Many people are familiar with the concept of investment cycles, in which different asset classes rise and fall depending on interest rates, economic growth, inflation, investor sentiment and other factors. These cyclical forces are a fact of life in the financial sector. Recently, financial services companies have also confronted major'and sometimes rapid'structural developments, such as the rise of new markets in mutual funds, the introduction of derivatives and structured securities, and increased international investing. At times like this, the combination of cyclical and structural forces can have a significant effect on investor confidence, which plays a special role in the financial services arena.

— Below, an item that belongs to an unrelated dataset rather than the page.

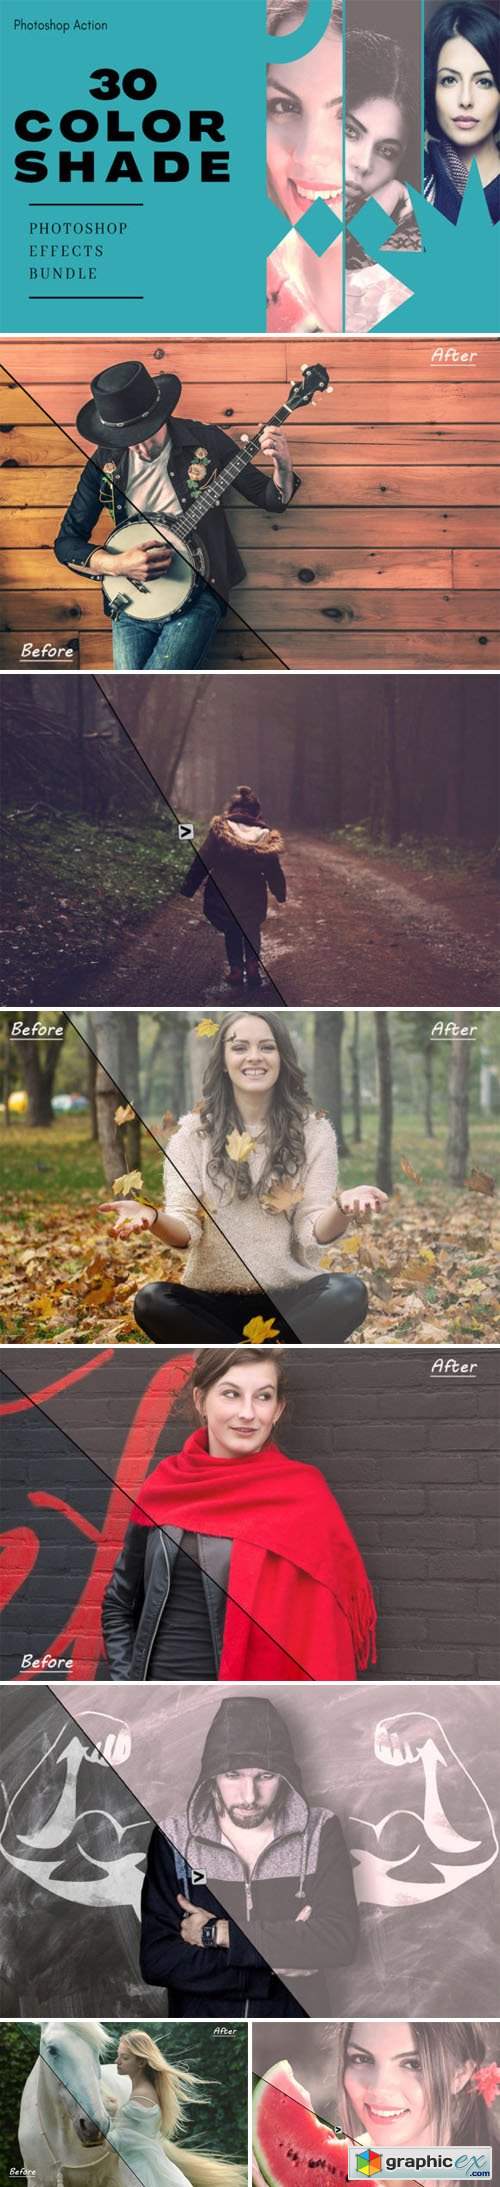  30 Color Shade Effects - Photoshop Action Bundle

In the past, financial services firms of all sizes have come and gone in response to investment cycles, structural changes and investor perceptions'all of which pose challenges for financial firms and their regulators. As in past periods of volatility and heightened uncertainty, it isn't surprising that some firms are better equipped than others to meet these challenges. Regulators and policymakers have recognized these issues in the current environment. They also realize that these events affect the thinking of all consumers, whether they have investments or not. They have therefore moved carefully to contain the turmoil and rebuild investor and consumer confidence.
Long-term investors know from experience that the special dynamics of the financial services industry can produce difficult periods from time to time. As a result, they avoid becoming overly enthusiastic during euphoric periods, weather the storms during corrections and anticipate the potential for calmer waters ahead.